At recruitment, demographic and baseline clinical characteristics were obtained from the patient’s medical records. Patients’ residential postcodes at enrolment were used to categorise their place of residence according to rurality of residence [15] and the Australian Bureau of Statistics Index of Relative Socioeconomic Advantage and Disadvantage [16]. Significant alcohol consumption was defined as ≥ 40 g of ethanol per day. Fibrosis evaluation and laboratory results were collected.

Patients were followed up for 2 years to assess HCV treatment and liver-related outcomes. The treating clinician was asked to provide a clinical impression of patient adherence to treatment, categorised as good, fair, or poor. Passive follow-up occurred through data-linkage to the federal Pharmaceutical Benefits Scheme (PBS), the key government agency for subsidised medications in Australia. Complete dispensing histories from May-2015 to Sept-2019 extracted from the PBS were used to identify subsidised use of medications including HCV treatments, diabetes medications, warfarin (to control for erroneous interpretation of INR in cirrhotic patients), and gastric acid-reducing therapies including proton pump inhibitors (PPI) and Histamine-2 receptor blockers (H2-RB).

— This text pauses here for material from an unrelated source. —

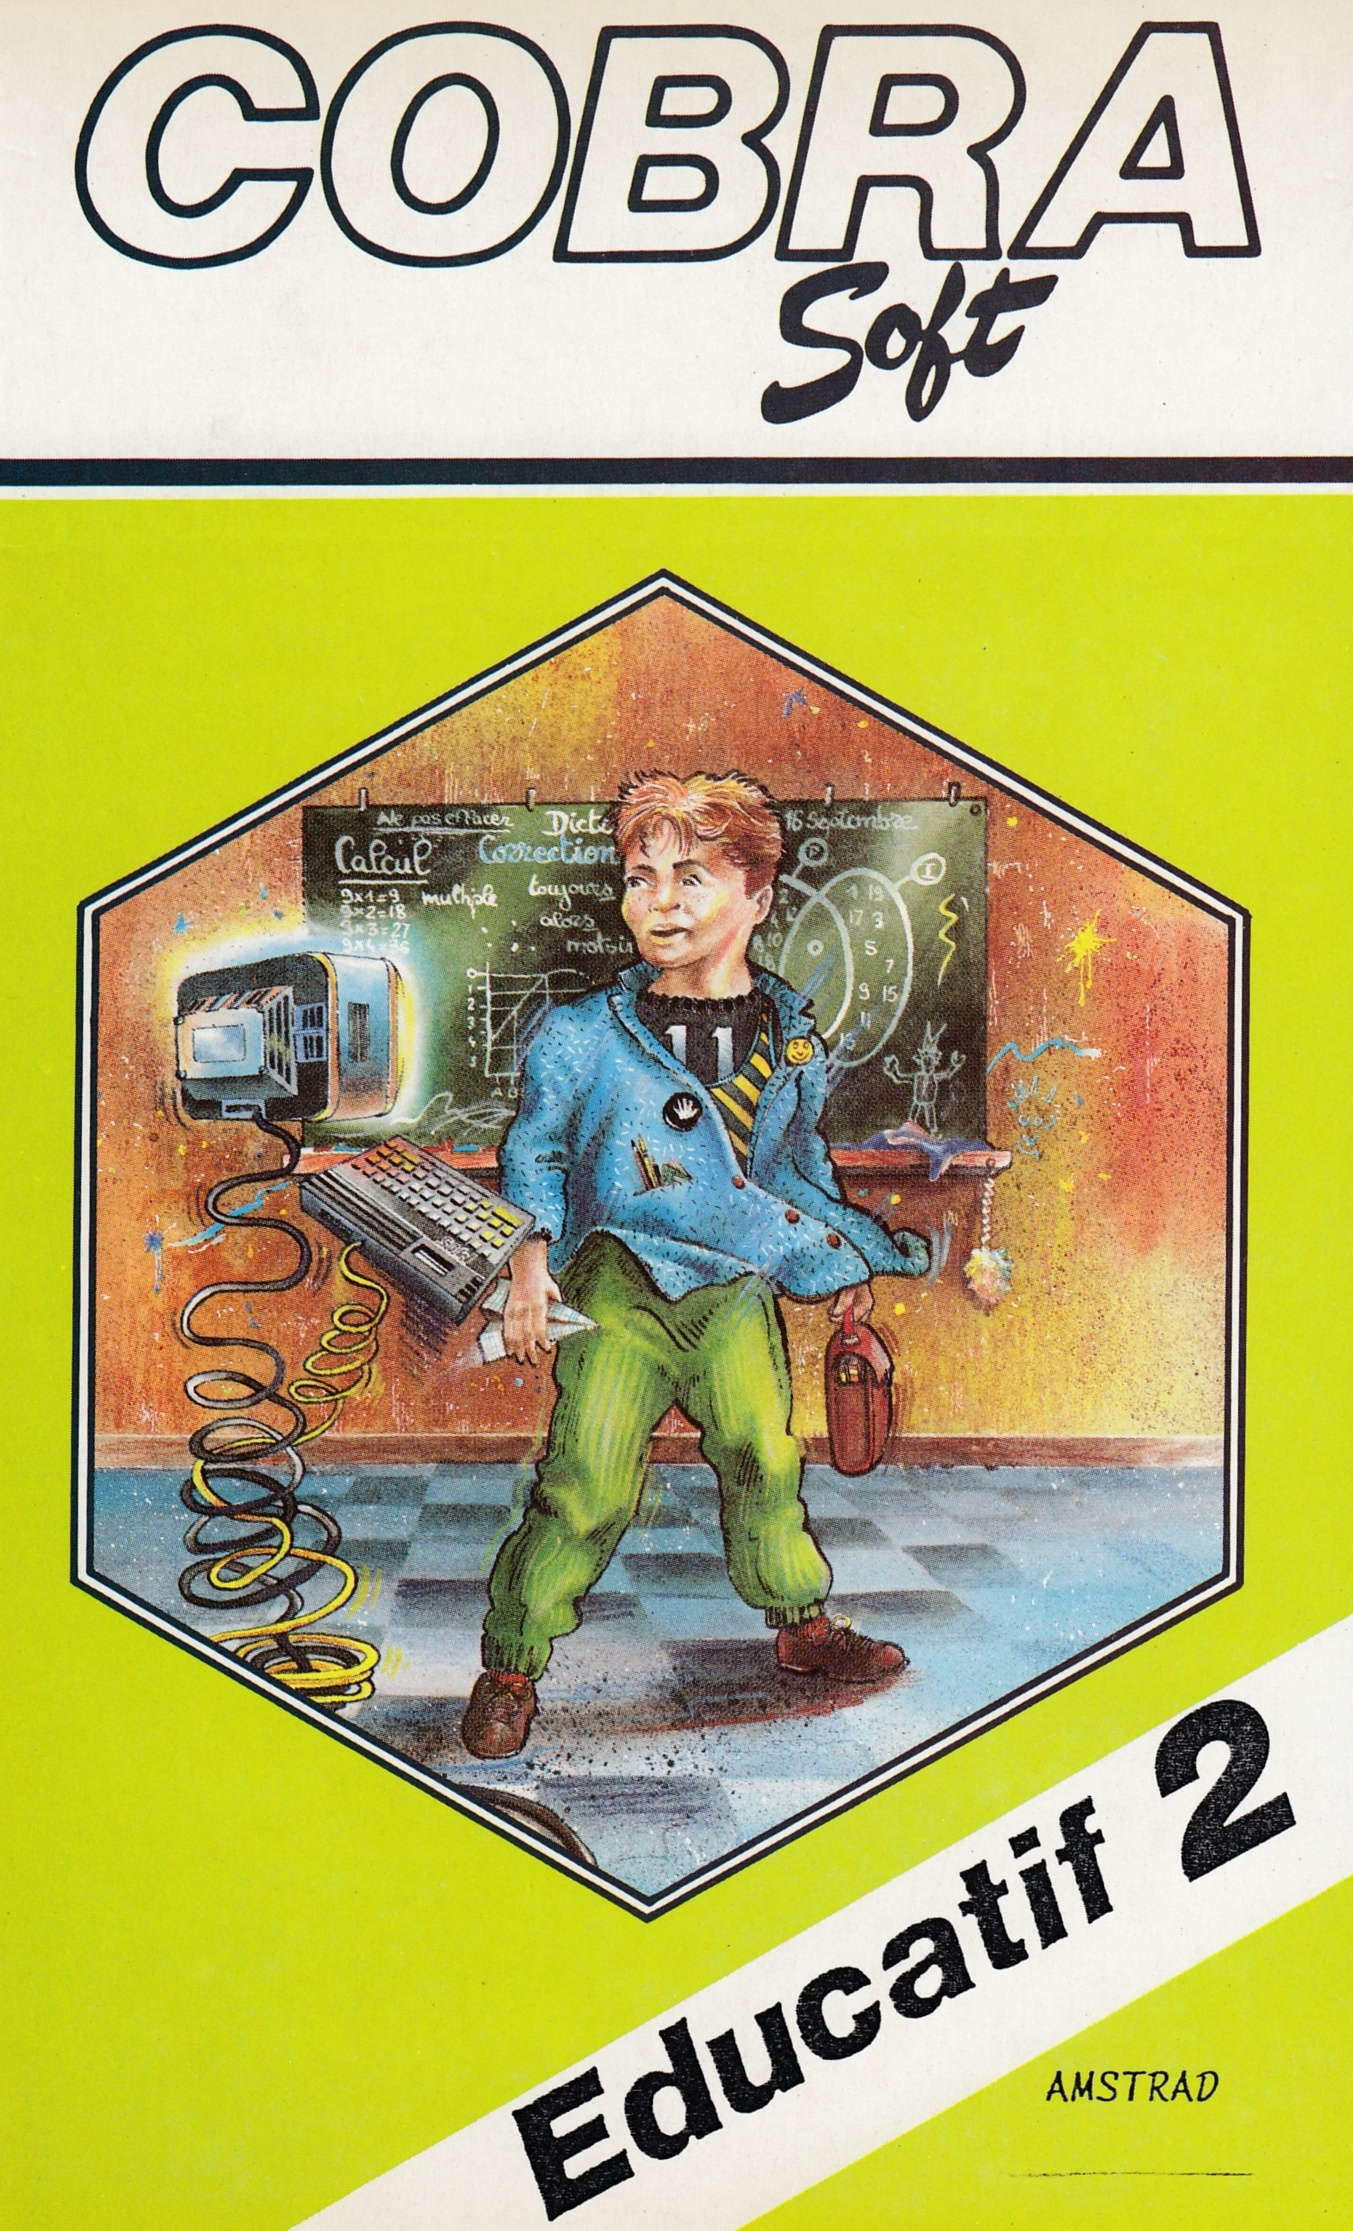 cover of the Amstrad CPC game Educatif 2  by GameBase CPC
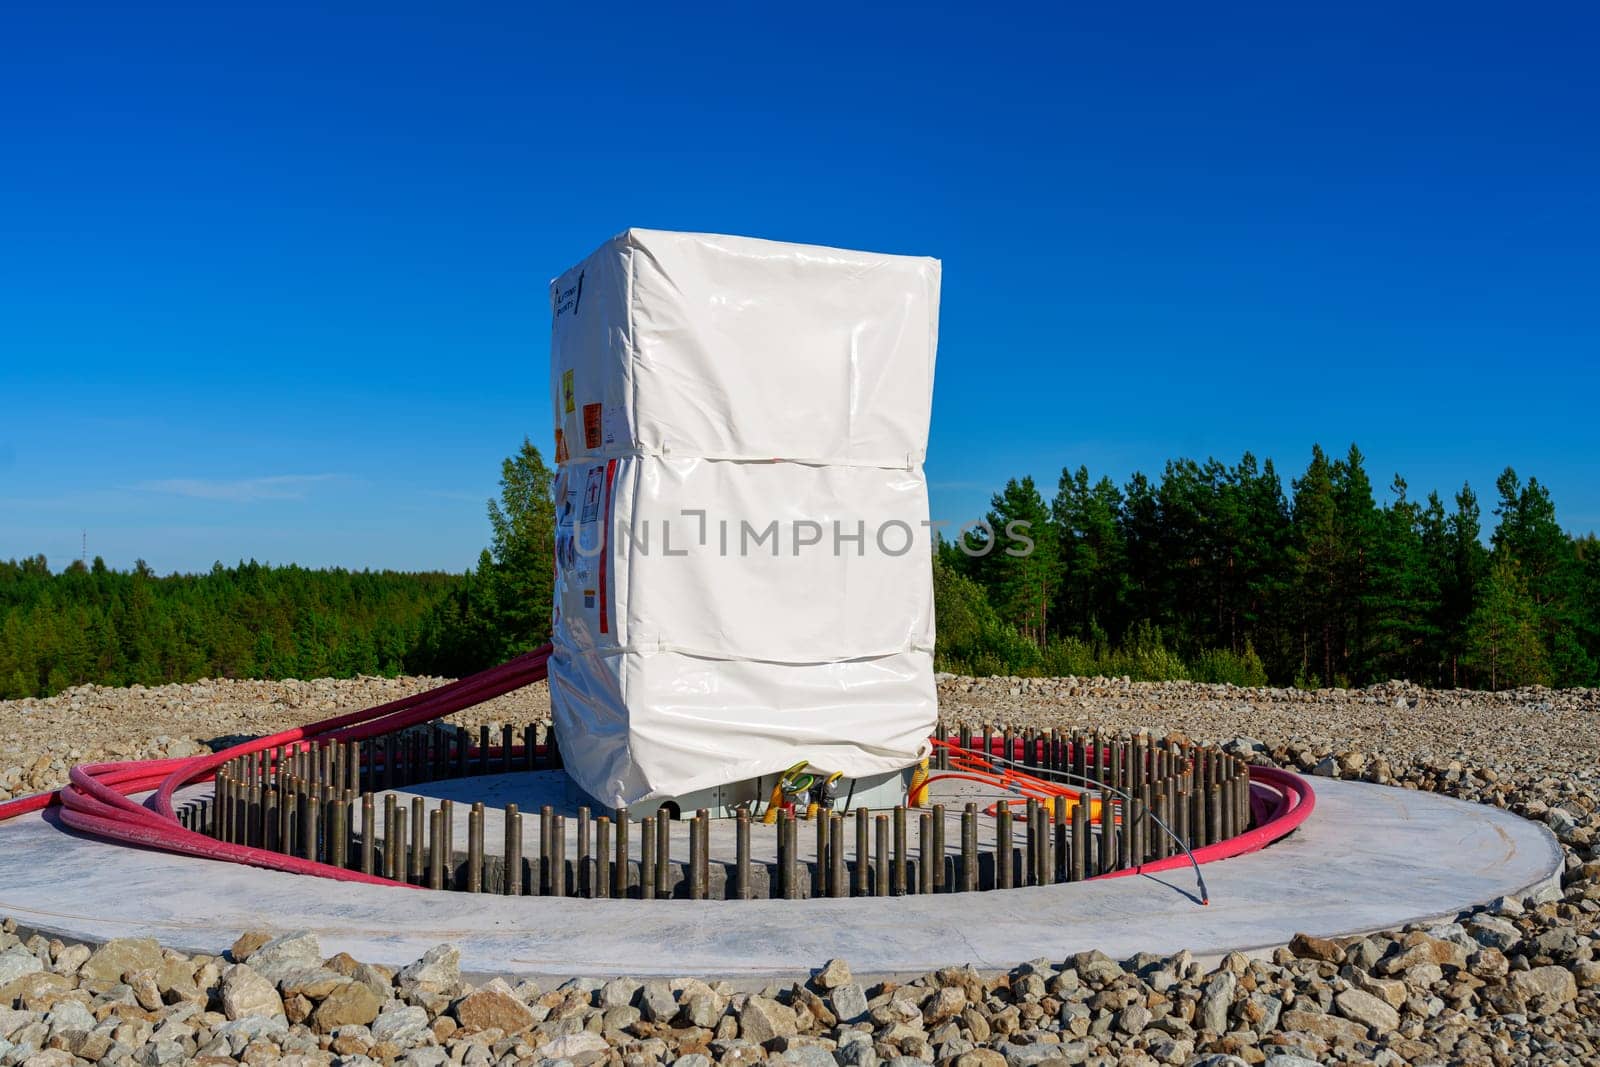 Installing First Heavy Components on Concrete Foundation for Future Wind Turbine by PhotoTime

Liver fibrosis and disease severity were comprehensively assessed using invasive and non-invasive indices. Data on the aspartate aminotransferase to platelet ratio index (APRI), liver stiffness measurement (LSM) by transient elastography, and Fibrosis-4 (FIB-4) were collected [17, 18]. LSM and FIB-4 were least penalised for missing data and utilised in multivariable analysis (MVA). Cirrhosis was defined based on biopsy, clinical (e.g. presence of portal hypertension), and non-invasive criteria. Pre-defined risk thresholds for non-invasive diagnosis of cirrhosis for TE [19] and FIB-4 test [17] were based on prior studies. LSM < 8 kiloPascals (kPa) was considered as no or minimal liver fibrosis, between 8 and 12.5 kPa moderate or advanced fibrosis, and LSM > 12.5 kPa considered cirrhotic. FIB-4 test value of > 3.25 was categorized as advanced fibrosis [17]. Severity of disease was classified at study recruitment using the Child–Pugh and MELD scores [20]. Child–Pugh score, MELD score, and FIB-4 test were calculated from values at the time of recruitment using the most recently available clinical and laboratory data.

Statistical Analysis

Analyses were conducted using Stata/SE (Version 15; Stata Corporation, College Station, TX). Descriptive analyses are presented as frequency (percentages, %), mean (standard deviation, SD), or median (interquartile range, IQR) value depending on data distribution. Unadjusted odds ratios (ORs) and their corresponding 95% confidence interval (CI) were estimated using logistic regression. Forward stepwise selection (p-value for addition < 0.10) was used to create a multivariable logistic regression model for the prediction SVR using variables that were found to have a p < 0.20 in univariate analysis. Final models were calibrated with Hosmer–Lemeshow test and Receiving Operator Characteristic curve, respectively. Sensitivity analyses were conducted by repeating the analyses excluding patients who had HCV treatment prior to DAA-era. Statistical significance was set at alpha = 0.05, and all p values were 2-sided.

Results

Data were available for 3596 patients recruited into the OPERA-C study from Feb-2016 to Jun-2020. We excluded 474 patients (Fig. 1): 183 were excluded due to withdrawals, did not receive DAA therapy, or did not have at least one study follow up, while for 394 SVR was unknown (e.g. loss to follow up) and for 80 EOT was negative but SVR was not confirmed on PCR. Characteristics of the 3413 patients included in this analysis are shown in Table 1. Patients were on average 52 years old (SD = 10.5), predominantly male (66.0%), and 51.1% lived in the lowest two quintiles of area-socioeconomic disadvantage. Diabetes was present in 25.4 and 61.9% were overweight or obese.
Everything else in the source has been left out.